Net: stack-buffer-overflow if HTTP request contains a header with invalid UTF32 sequence #4690
Description
Describe the bug
During a fuzzing test, ASAN reported a stack-buffer-overflow error in TextIterator::operator * (). It happened due to a missing check for a buffer size.
To Reproduce
Poco::MemoryInputStream stream(input.data(), input.size());
Poco::Net::HTTPRequest request;
request.read(stream);with the following input: crash-7e3fdbcc15ad941711a3a1d2502ac293a272c267.txt
Expected behavior
ASAN doesn't report any errors.
Logs
=================================================================
==1706181==ERROR: AddressSanitizer: stack-buffer-overflow on address 0x7f453060a2e4 at pc 0x7f453302f52e bp 0x7ffc446dc010 sp 0x7ffc446dc008
WRITE of size 1 at 0x7f453060a2e4 thread T0
#0 0x7f453302f52d in Poco::TextIterator::operator*() const poco/Foundation/src/TextIterator.cpp:115:9
#1 0x7f4533026f6a in Poco::TextConverter::convert(std::__cxx11::basic_string<char, std::char_traits<char>, std::allocator<char>> const&, std::__cxx11::basic_string<char, std::char_traits<char>, std::allocator<char>>&, int (*)(int)) poco/Foundation/src/TextConverter.cpp:53:11
#2 0x7f4533026f6a in Poco::TextConverter::convert(std::__cxx11::basic_string<char, std::char_traits<char>, std::allocator<char>> const&, std::__cxx11::basic_string<char, std::char_traits<char>, std::allocator<char>>&) poco/Foundation/src/TextConverter.cpp:118:9
#3 0x7f453369fb7b in Poco::Net::MessageHeader::decodeRFC2047(std::__cxx11::basic_string<char, std::char_traits<char>, std::allocator<char>> const&, std::__cxx11::basic_string<char, std::char_traits<char>, std::allocator<char>>&, std::__cxx11::basic_string<char, std::char_traits<char>, std::allocator<char>> const&) poco/Net/src/MessageHeader.cpp:352:14
#4 0x7f453369aa08 in Poco::Net::MessageHeader::decodeWord(std::__cxx11::basic_string<char, std::char_traits<char>, std::allocator<char>> const&, std::__cxx11::basic_string<char, std::char_traits<char>, std::allocator<char>> const&) poco/Net/src/MessageHeader.cpp:414:3
#5 0x7f45336996f7 in Poco::Net::MessageHeader::read(std::istream&) poco/Net/src/MessageHeader.cpp:108:13
#6 0x7f453361cd2e in Poco::Net::HTTPRequest::read(std::istream&) poco/Net/src/HTTPRequest.cpp:257:15
#7 0x6408958aab77 in LLVMFuzzerTestOneInput poco/fuzzing/http_messages_fuzzer.cc:30:13
#8 0x6408957b6aa0 in fuzzer::Fuzzer::ExecuteCallback(unsigned char const*, unsigned long) (poco/fuzzing/prefix/bin/http_messages_fuzzer+0x4daa0)
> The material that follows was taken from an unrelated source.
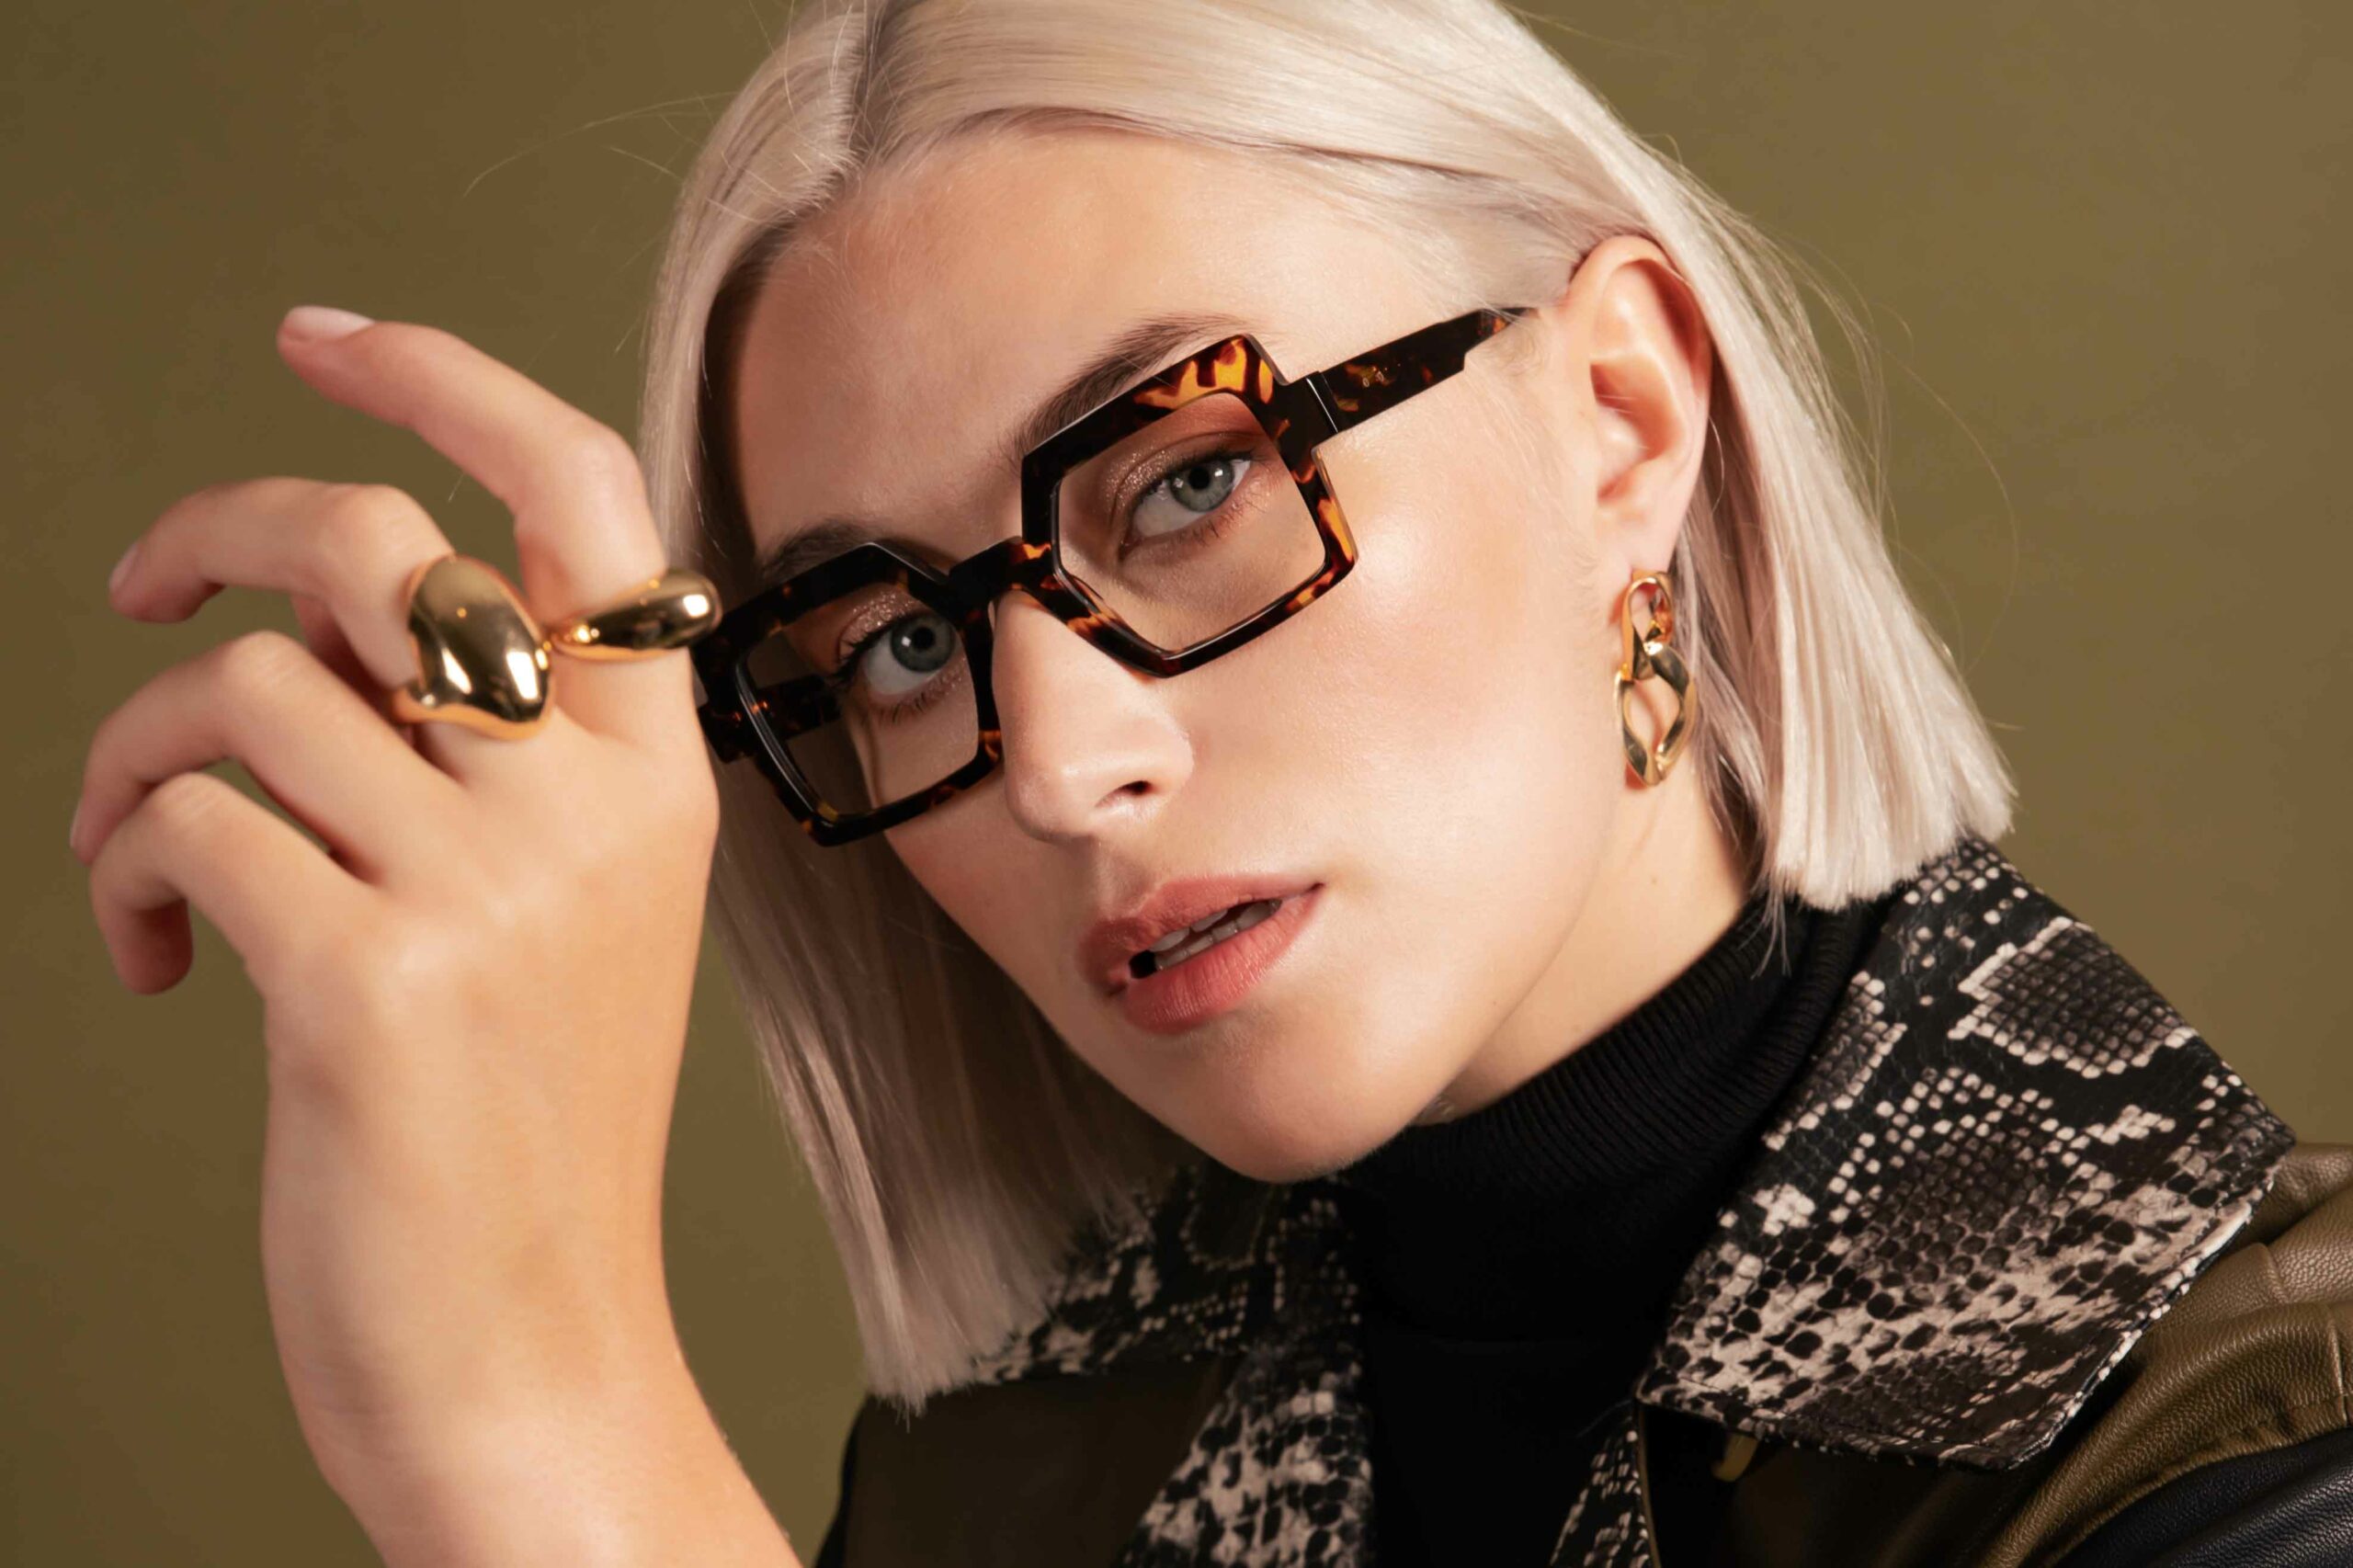 Dames brillen - brillen voor vrouwen van alle topmerken - Optiek Lammerant
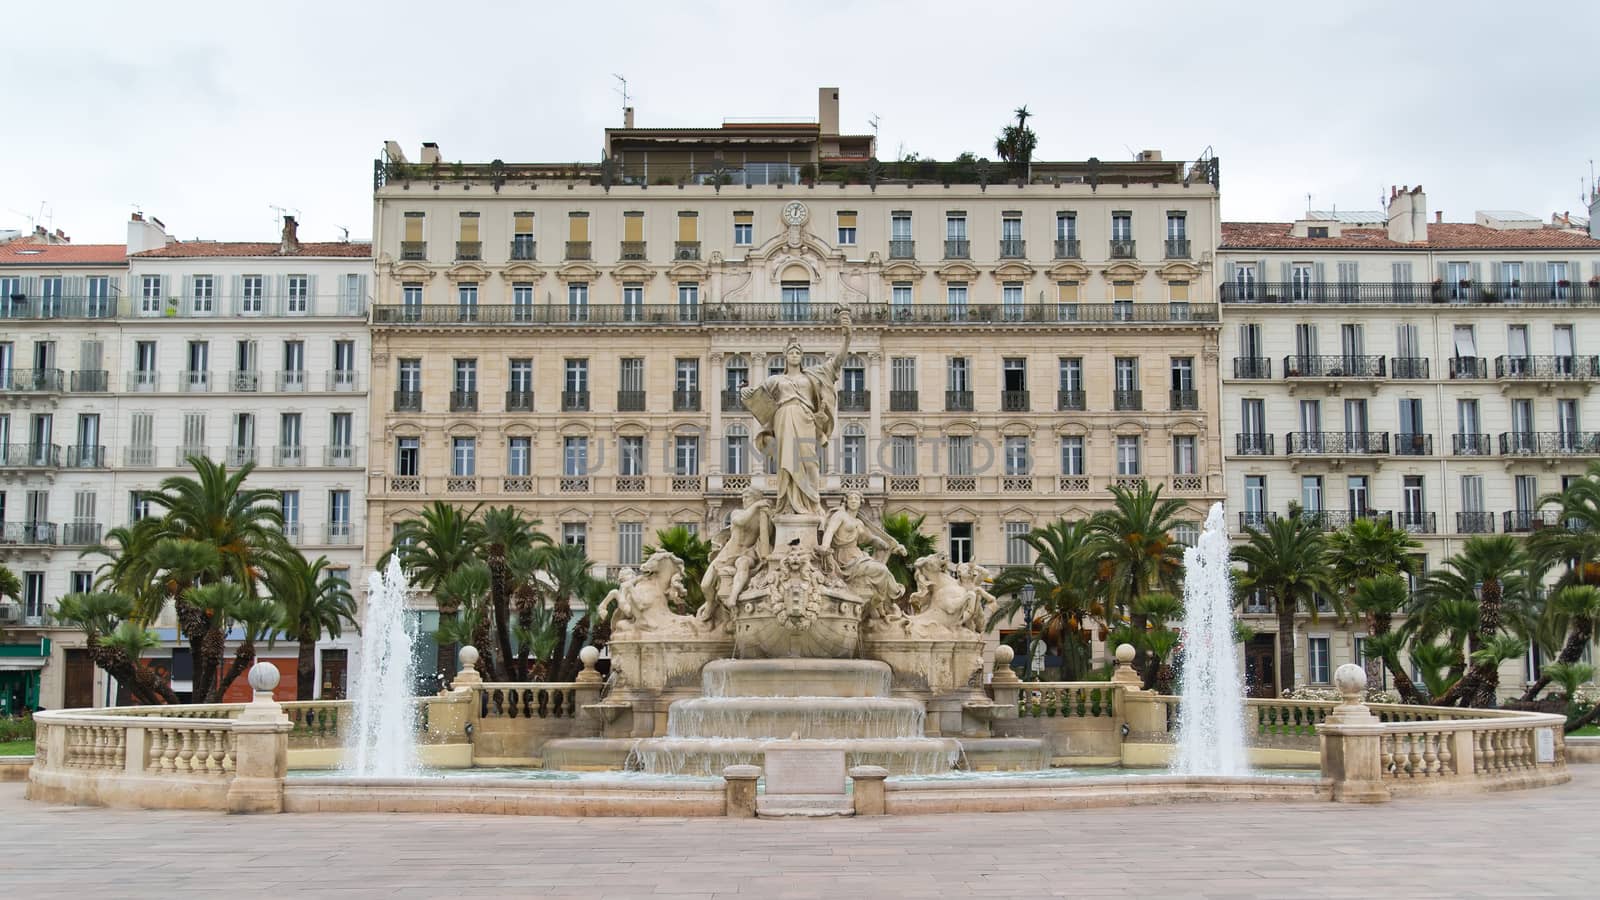 Place de la Libert�� - fountain of Liberty square in Toulon

#9 0x6408957a0bf2 in fuzzer::RunOneTest(fuzzer::Fuzzer*, char const*, unsigned long) (poco/fuzzing/prefix/bin/http_messages_fuzzer+0x37bf2)
#10 0x6408957a6636 in fuzzer::FuzzerDriver(int*, char***, int (*)(unsigned char const*, unsigned long)) (poco/fuzzing/prefix/bin/http_messages_fuzzer+0x3d636)
#11 0x6408957cf7a2 in main (poco/fuzzing/prefix/bin/http_messages_fuzzer+0x667a2)
#12 0x7f4532829d8f in __libc_start_call_main csu/../sysdeps/nptl/libc_start_call_main.h:58:16
#13 0x7f4532829e3f in __libc_start_main csu/../csu/libc-start.c:392:3
#14 0x64089579bbd4 in _start (poco/fuzzing/prefix/bin/http_messages_fuzzer+0x32bd4)
Address 0x7f453060a2e4 is located in stack of thread T0 at offset 36 in frame
#0 0x7f453302ef6f in Poco::TextIterator::operator*() const poco/Foundation/src/TextIterator.cpp:95
This frame has 1 object(s):
[32, 36) 'buffer' (line 100) <== Memory access at offset 36 overflows this variable
HINT: this may be a false positive if your program uses some custom stack unwind mechanism, swapcontext or vfork
(longjmp and C++ exceptions *are* supported)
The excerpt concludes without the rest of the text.